Rio mendongakan kepalanya. Saat ia mencoba menggerakan tangannya, tidak


bisa. Tertahan kuat. Berdecik kesal. Lalu matanya menelusur ke sekitar, tempat yang
remang-remang dengan cahaya satu lilin di atas meja. Sorot matanya juga melihat
ketiga sahabatnya yang tertunduk lesu. "Bayu, Ratih dan Sari?" gumam Rio.

Ia menghadap ke bawah, keramik kusam. Disimpulkan, dirinya sedang berada


di dalam ruangan sebuah rumah. Mungkinkah sekarang dia berada di ruang
penyekapan yang berbau anyir dan busuk ini?

Derap langkah terdengar santai dari arah depan. Rio menjadi waspada. Ia
memicingkan mata menajamkan penglihatan, mencoba mencari tahu siapa yang akan
datang.

Langkahnya semakin mendekat, hingga kemudian berhenti. Selang beberapa


detik, suara jentikan jari terdengar nyaring dan bergema. Sekejap kemudian cahaya
benderang terpancar dari antah-berantah.

Rio menelan ludah, tak percaya dengan yang ia lihat sekarang ini. Seorang
wanita dewasa dengan pakaian kebaya yang nyaris seperti sinden. Beberapa makhluk
seperti zombie di belakang wanita itu.

"Ya Tuhan." Rio hanya bisa melongo tak percaya.
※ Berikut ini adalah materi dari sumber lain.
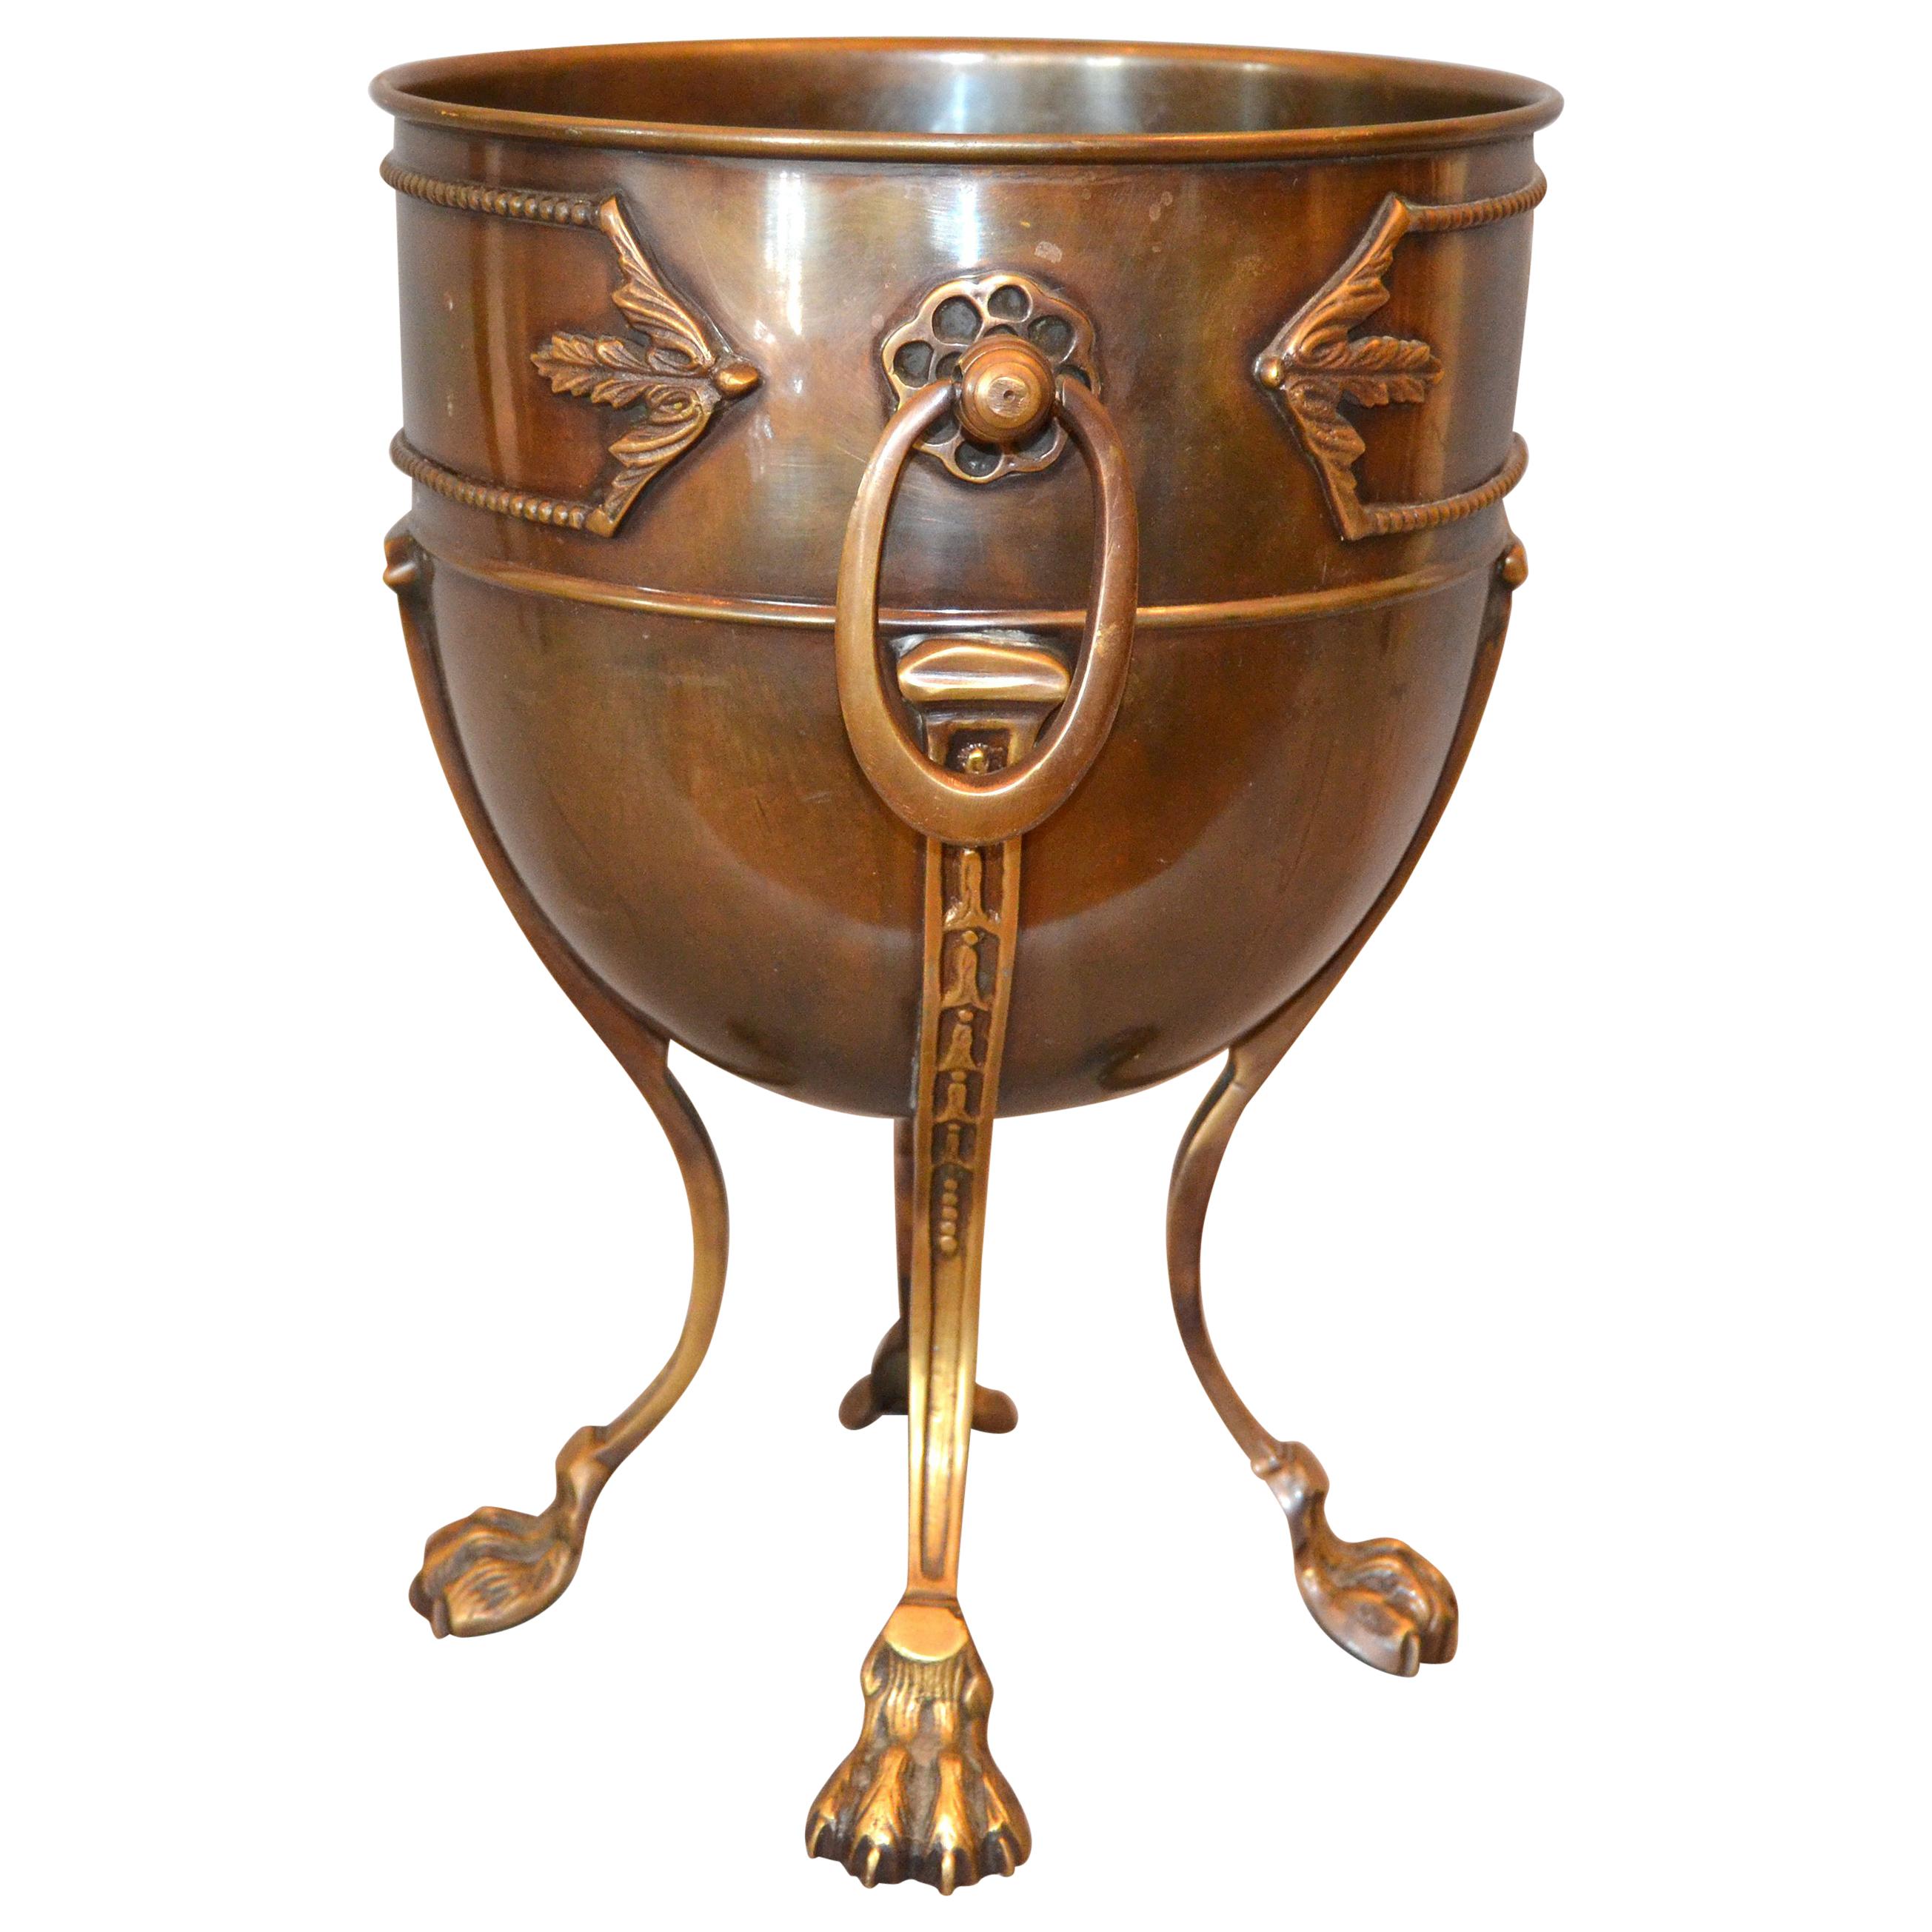 Vintage Handcrafted Ornate Bronze Wine Bucket, Ice Bucket with Claw Feet

"Akhirnya kamu bangun juga," ucap Wanita itu seraya menyeringai lebar.

***

BAB 7 - KUYANG
Terbelalak kaget saat matanya melihat apa yang ada di hadapan. Paling depan,
seorang wanita dewasa, berwajah oriental berkulit kekuningan khas Asia Tenggara
dan rambut disanggul —konde. Memakai pakaian kebaya berwarna hijau tua, berdiri
tegap sembari menyilangkan tangan di dada. Senyum licik terlintas tampak dari
bibirnya yang bergincu merah ranum.

Tepat di belakang wanita itu, setidaknya ada empat makhluk mengerikan


menyerupai zombie. Berkepala plontos, mata hijau menyala, gigi-gigi runcing dan
yang paling menjijikan adalah kulitnya yang berlubang dan mengeluarkan nanah.
Pantas saja ruangan ini berbau sangat anyir.
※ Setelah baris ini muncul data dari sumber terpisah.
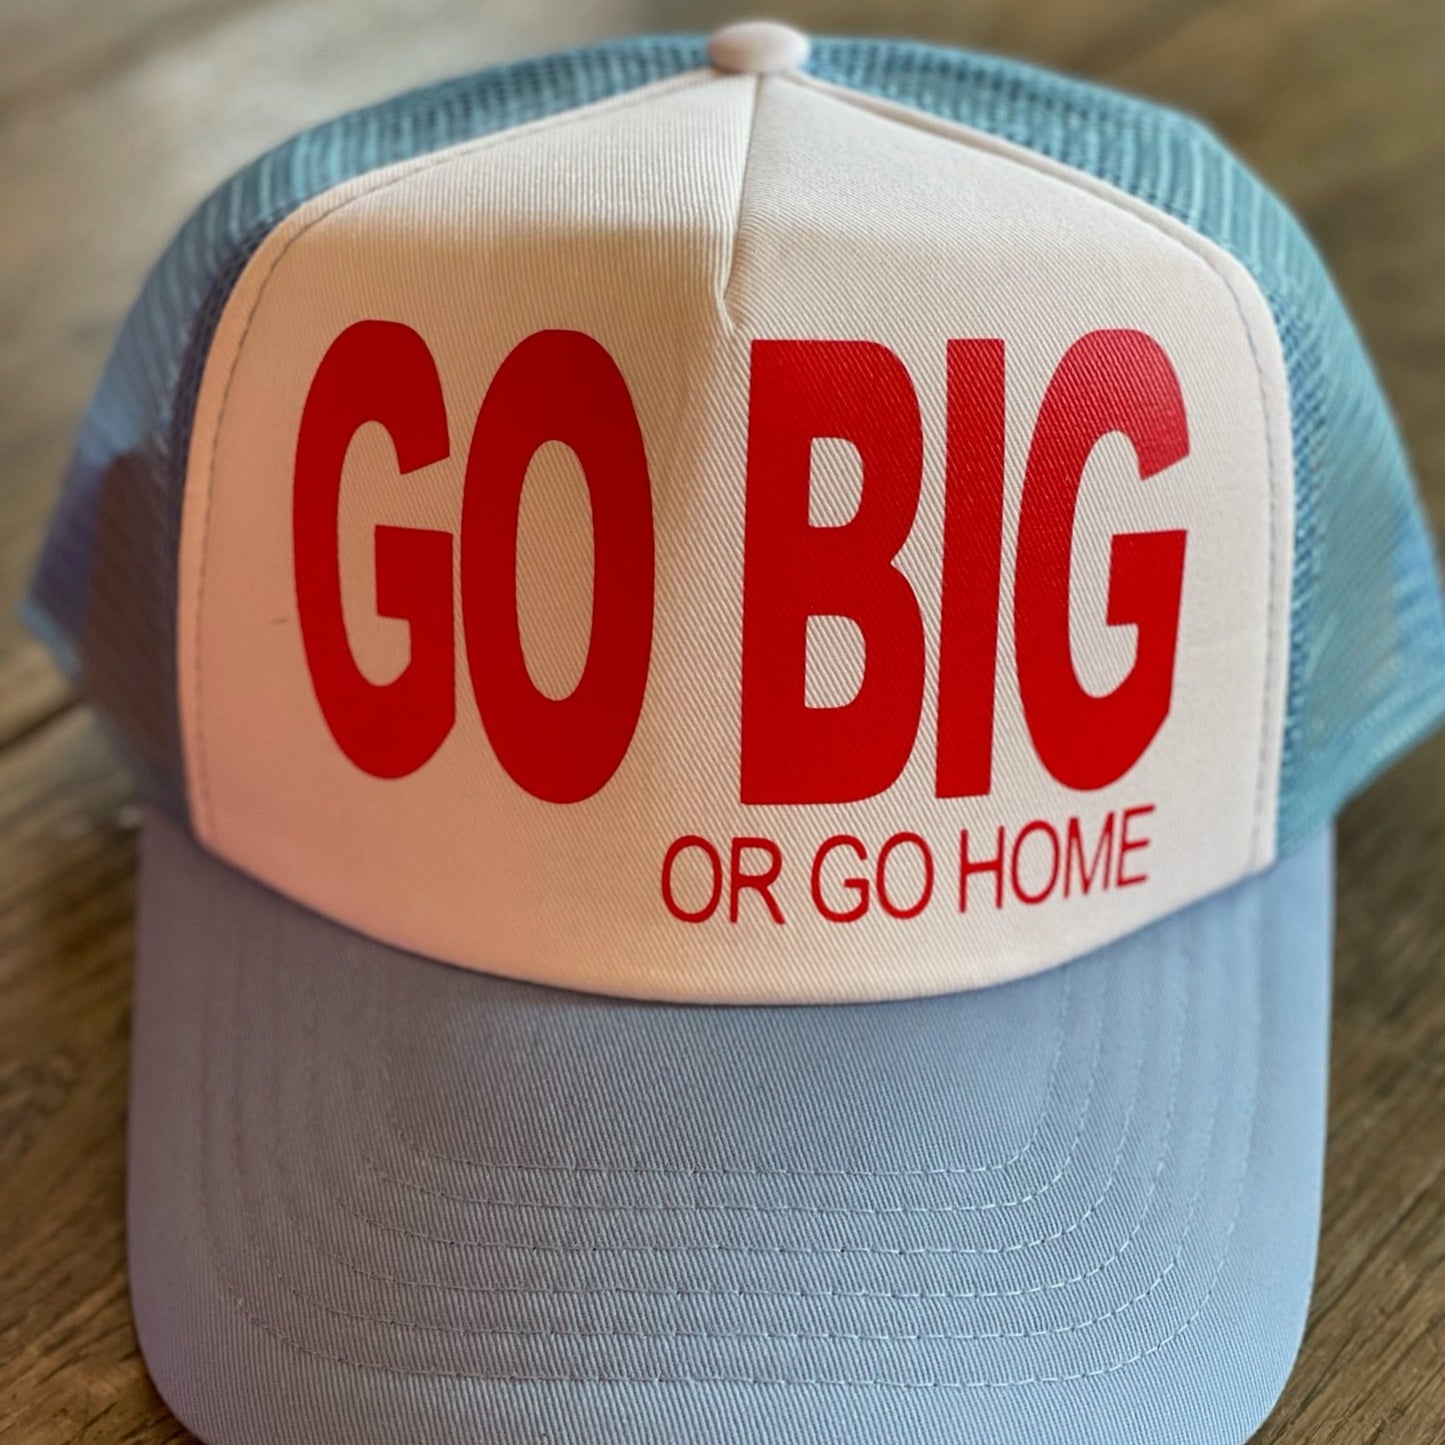 Go Big or Go Home - Blue and White Hat

Isi perut Rio seketika seperti dikocok hebat, mual-mual. Sekuat tenaga remaja
berkulit gelap itu menahan isi perutnya agar tidak keluar. Namun, bau busuk dan
anyir terus saja menyerobot masuk lewat hidung dan itu terasa sangat menyiksa.

"Ada apa?"

Rio mendongak, menatap Wanita itu. Alisnya saling bertautan.

"Siapa kamu sebenarnya?" tanya Rio tanpa basa-basi, lagi pula untuk apa
basa-basi.

"Tidak sopan!"

"Bodo amat! Siapa kamu sebenarnya?!"

"Kamu tak perlu tau, Anak muda!" teriak wanita itu akhirnya berhasil
membungkam nyali Rio. “Dasar anak zaman sekarang, gak punya sopan santun kalau
bicara dengan orang yang lebih tua.”

“Kamu bergumam?” tanya Rio.

“Lupakan soal itu!”

Rio tak paham dan lalu diam.


"Untuk apa mengerti siapa diriku, jika sebentar lagi kamu juga sudah tak akan
bernapas lagi." Wanita itu tersenyum picik.

Rio mendelik kaget. Apa maksudnya dengan tidak bernapas lagi? Mungkinkah
ia akan ….

"Tunggu sebentar! Apa maksudmu tidak bernapas lagi?"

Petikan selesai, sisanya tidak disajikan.